Our data demonstrated the paracrine inhibitory effect of CM-Adipo on osteoblast differentiation of mBMSCs. Few studies have investigated the paracrine effect of adipocytes on osteoblast differentiation. For example, Benayahu et al. [30] demonstrated the inhibitory effect of adipocyte CM on osteogenesis of marrow-derived osteoblastic cells, MBA-15 , while Maxson S, et al., [31] showed the stimulatory effect of adipocyte CM on the osteoblast differentiation of BMSCs. On the other hand, mammary adipose tissue-derived CM did not affect osteoblast differentiation of primary human osteoblasts [32]. These contradictory data can be attributed to the use of different sources of adipocytes for collecting CM. In addition, these studies apply the traditional method for collecting CM, which does not exclude the presence of adipogenic inducers.

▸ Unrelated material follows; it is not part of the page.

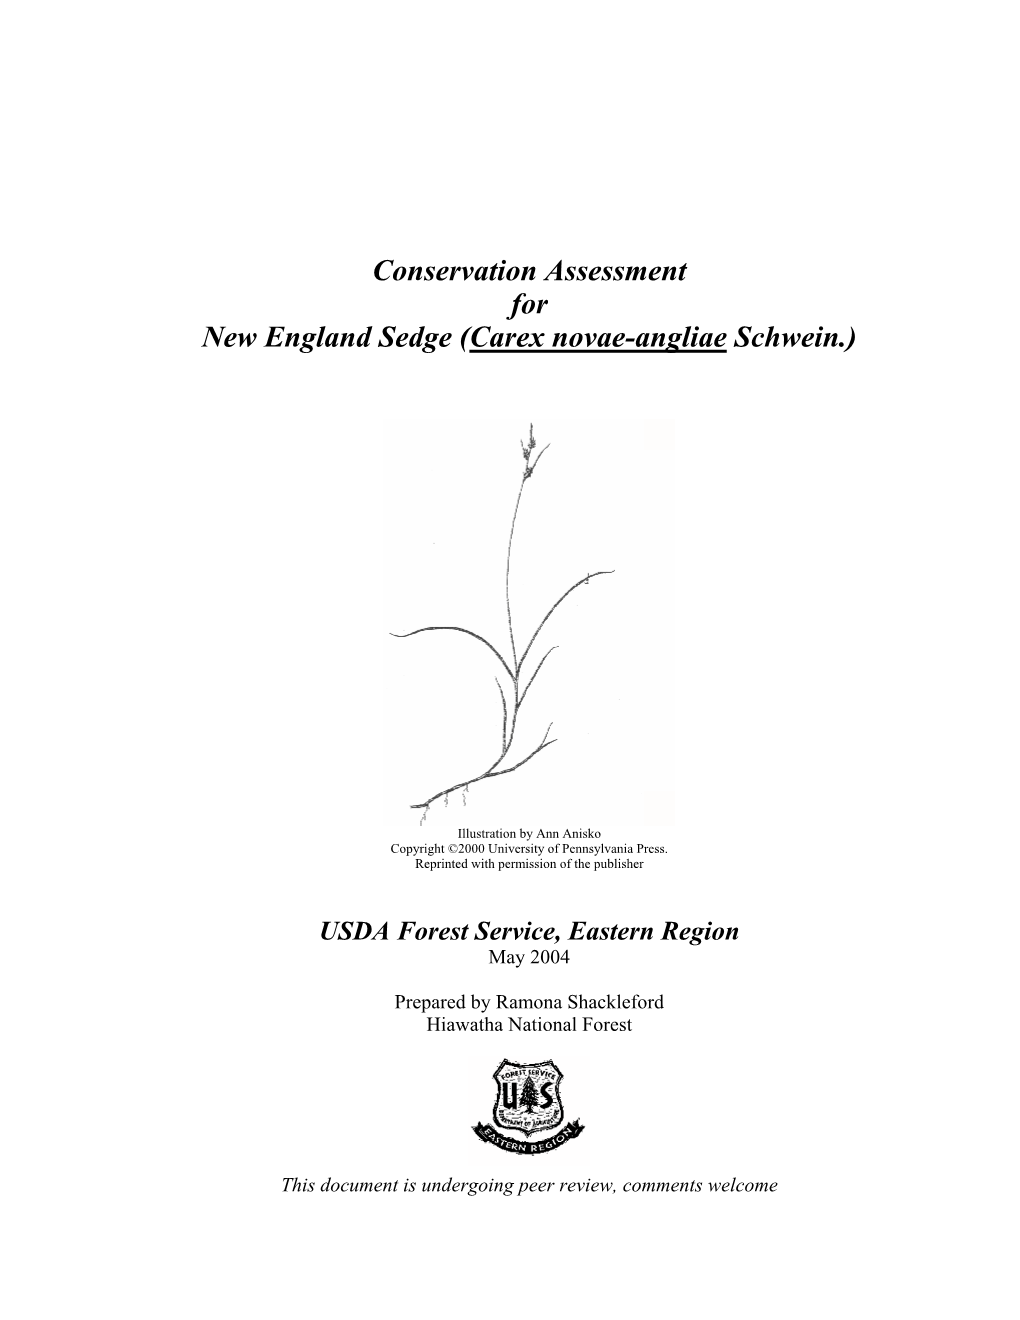 Conservation Assessment for New England Sedge (Carex Novae-Angliae Schwein.)

Indeed, when such inducers were omitted in a co-culture system, adipocytes were shown not only to inhibit osteoblast differentiation of BMSCs [33, 34] but also to induce their trans-differentiation into adipocytes [35].

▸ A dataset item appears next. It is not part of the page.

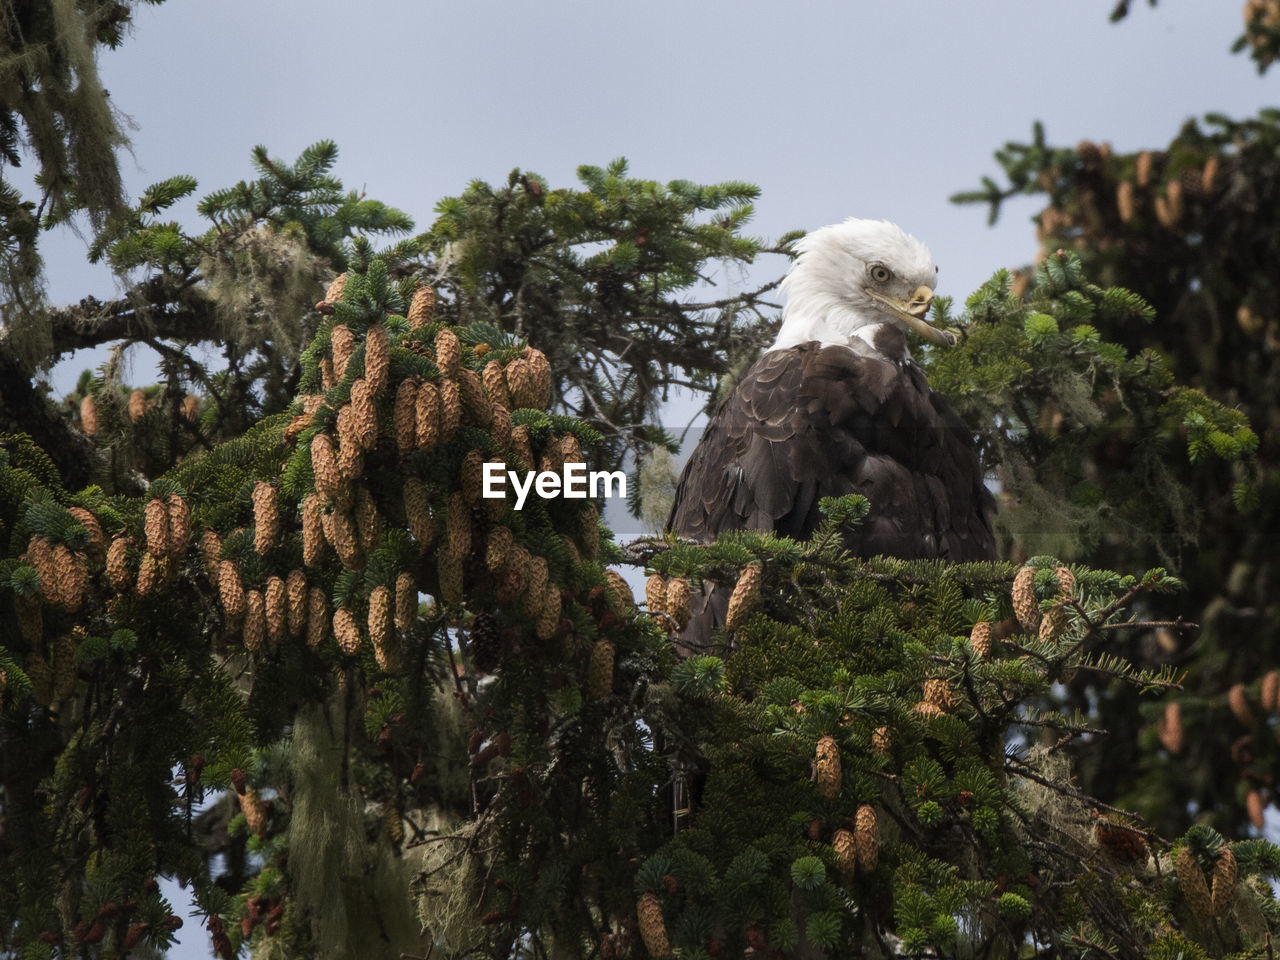 Bald eagle with damaged beak perching on tree

Our data identified the BMPs signaling as the most distinct osteogenic pathway to be inhibited by the adipocytes CM. In consistence with our finding, the impairment of BMPs signaling was reported in BMSCs derived from osteoporotic postmenopausal women (the condition of increased marrow adipocytes) [36]. Recently, the activation of NF-κB was shown to suppress the BMP2-induced osteogenesis. In this mechanism, the inflammatory environment-stimulated NF-κB activity suppresses BMPs pathway via either activating the Toll-like receptor-4 and its intracellular adaptor protein My88 (TLR4/MyD88) dependent pathway [26] or interfering with DNA binding of the Smad complex [37, 38]. The interaction between BMPs and NF-κB signaling pathways was further confirmed by demonstrating that the inhibition of local inflammation is effective to promote the BMP-2 induced bone regeneration in vivo [39, 40]. Considering, that the adipocytes secret several inflammatory cytokines including IL-6, TNF-a, IL-1β, MCP1, CCL2 and PAI-1 known to be involved in the activation of the NF-κB [27, 41], our data demonstrated the stimulatory effect of CM-Adipo on the NF-κB signaling activation. In addition, we showed that the blocking of NF-κB signaling in mBMSCs rescued the inhibitory effect of CM-Adipo on BMP2-induced osteogenesis, suggesting that the inhibitory effect of CM-Adipo on osteoblast differentiation is mediated at least in part by NF-κB activation. Taken together, the inhibitory effect of CM-Adipocyte on osteogenesis is mediated by a group of secreted factors (Adipokines) rather than one individual factor and targeting the inhibition of adipocyte differentiation could be beneficiary for enhancing bone formation

Conclusions

Marrow adiposity is inversely correlated with bone mass in many osteoporotic clinical conditions. The differentiation potential of BMSCs into either osteoblastic or adipocytic cell lineage was shown to be regulated by local and secreted factors in bone marrow microenvironment. Here, we studied the paracrine effect of adipocytes on the differentiation capacity of mBMSCs into osteoblasts. Our data demonstrated the paracrine inhibitory effect of adipocytes-secreted factors on the osteoblast differentiation of mBMSCs by blocking BMPs signaling in a mechanism mediated by the activation of NF-κB pathway. This study identified a novel mechanism that controlling the paracrine inhibitory effect of adipocytes on osteoblast differentiation of BMSCs.